Role of protein kinase C isozymes in cellular senescence and reversal of senescence in response to 12-O-tetradecanoylphorbol-13 acetate (TPA) treatment in

Abstract

Cellular senescence plays an important role in biological processes such as development, aging and tumorigenesis, and it is a process of permanent growth arrest when cells lose ability to reactivate cell division cycle. One of the common molecular features of senescent cells is the failure of phospho-extracellular signal-regulated protein kinase 1/2 (pErk1/2) translocation to nuclei in response to growth factor stimulation. However, when senescent cells are treated with 12-O-tetradecanoylphorbol-13-acetate (TPA), old cell morphology starts to change young cell like in addition to molecular markers of cellular senescence, such as increases of DNA synthesis, pRB hyperphosphorylation, reductions of p53, p21Sdi1/WAF1/CIP1 and SA-β-galactosidase activity.

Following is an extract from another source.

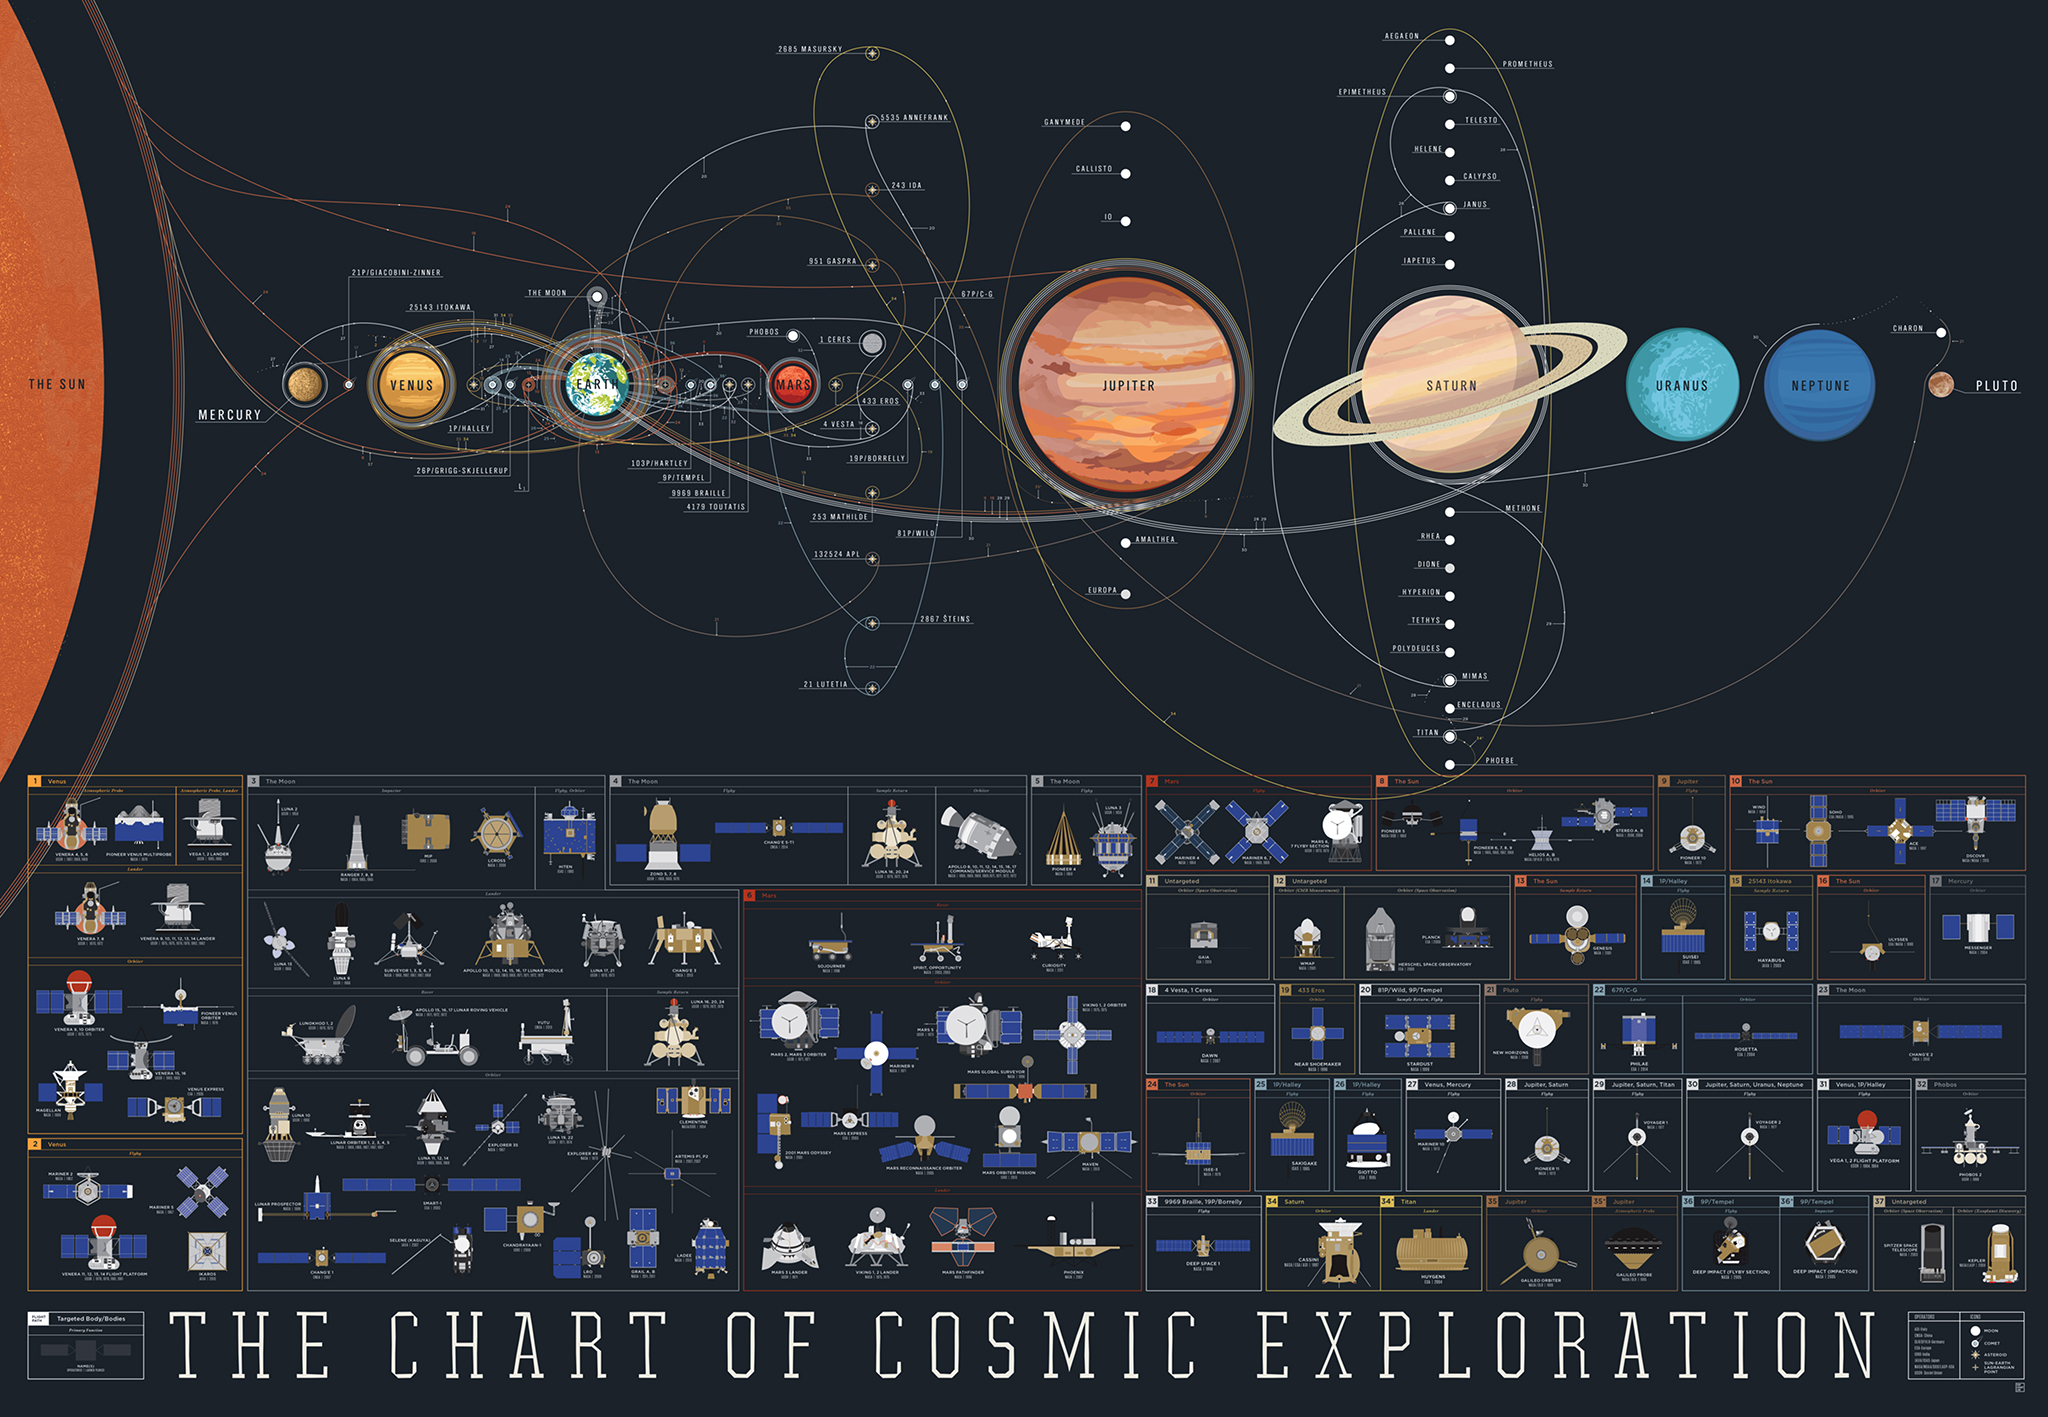 Với biểu đồ khám phá Vũ trụ, bạn sẽ đi sâu hơn vào những câu chuyện tuyệt vời về sự kiện lịch sử của Vũ trụ và vai trò mà nhân loại đã đóng góp trong quá trình khám phá và hiểu biết về nó. Hãy xem hình ảnh liên quan để khám phá thêm những điều thú vị về Vũ trụ và nhân loại.

Mechanism of how 12-O-tetradecanoylphorbol-13-acetate (TPA) bypasses cellular senescence was investigated using replicative senescence of HDF cells and DMBA-TPA induced carcinogenesis in CD-1 mice. Upon TPA treatment, PKCα and PKCβ1 played differentially in the nuclear translocation of senescence-associated pErk1/2, which regulates reversal of senescence; PKCα carried pErk1/2 to nuclei after freed from PEA-15pS104 by PKCβ1, and then rapidly degraded by ubiquitination. MAPK docking motif and kinase activity in PKCα were required to carry pErk1/2. Moreover, repetitive application of TPA on mouse skin revealed significant loss of PKCα expression along with acanthosis in epidermis and hair follicle, indicating that downregulation of PKCα was accompanied with epidermal proliferation. The above observations were further supported by the RNA-seq analyses in HDF old cells: TPA-mediated PKCα degradation allows pErk1/2 to be free to promote cell proliferation in both senescence and carcinogenesis, emphasizing the role of PKC isozymes and cytoplasmic pErk1/2 in the regulation of cellular senescence.

Mitochondrial dysfunction is linked between age-related accumulation of oxidative damage and alterations of physiological function associated with senescence. Recent studies suggest that mitochondrial metabolism is upregulated in oncogene induced senescent cells to meet with metabolic demand of cytokine production. In addition, a partial uncoupling of oxidative phosphorylation in mitochondria has been reported in the senescence fibroblast cells; thus ATP production is insufficient despite increased oxygen consumption. We report herein increased mass and DNA contents of mitochondria in the replicative HDF cells along with mitochondrial hyperfusion, and elevated expression of OXPHOS complex 4 and 5 proteins than those of the young cells. Furthermore, increased 5-bromo-2'-deoxyuridine (BrdU) incorporation at the mitochondrial nucleoid along with mitochondrial transcription factors A (TFAM). Nevertheless, we observed that mitochondria dysfunction was increased via alteration of ROS level, integrity of membrane potential, mitochondria cristae structure and ATP content. To explore signaling pathways regulating the phenotypes, we analyzed the mitochondrial TFAM protein expression which was found to be significantly increased in old cells. Up regulation of TFAM was accompanied with increased PGC-1α and NRF1 expressions through the activations of LKB1 and AMPK due to increased activity of PKCζ in old cells. These signaling pathways are important in regulating the mitochondrial encoding OXPHOS complex subunit genes and respiration as well as ATP generation, evidenced by employing siRNA against PKCζ. All of the findings were further confirmed in the doxorubicin-induced premature senescence of young HDF cells. These datas indicate that continuous increase of BrdU positive cells and mitochondrial biogenesis is regulated by LKB1, AMPK and PKCζ, despite higher ROS accumulation in stress induced senescence model. In summary, the activation of mitochondrial biogenesis pathway via PKCζ-LKB1-AMPK in senescent cells might be due to the compensation of mitochondrial dysfunction, which stimulated maintaining of nucleoid structure and TFAM activity via PGC-1α and NRF1 increased by LKB1-AMPK-PKCζ signal pathway. Our present study suggests a new concept about mitochondrial function in old cells and offers a plausible explanation on the role of mitochondrial hyperfunction in senescence, being a survival reaction when exposed to lower energy condition and cell stress.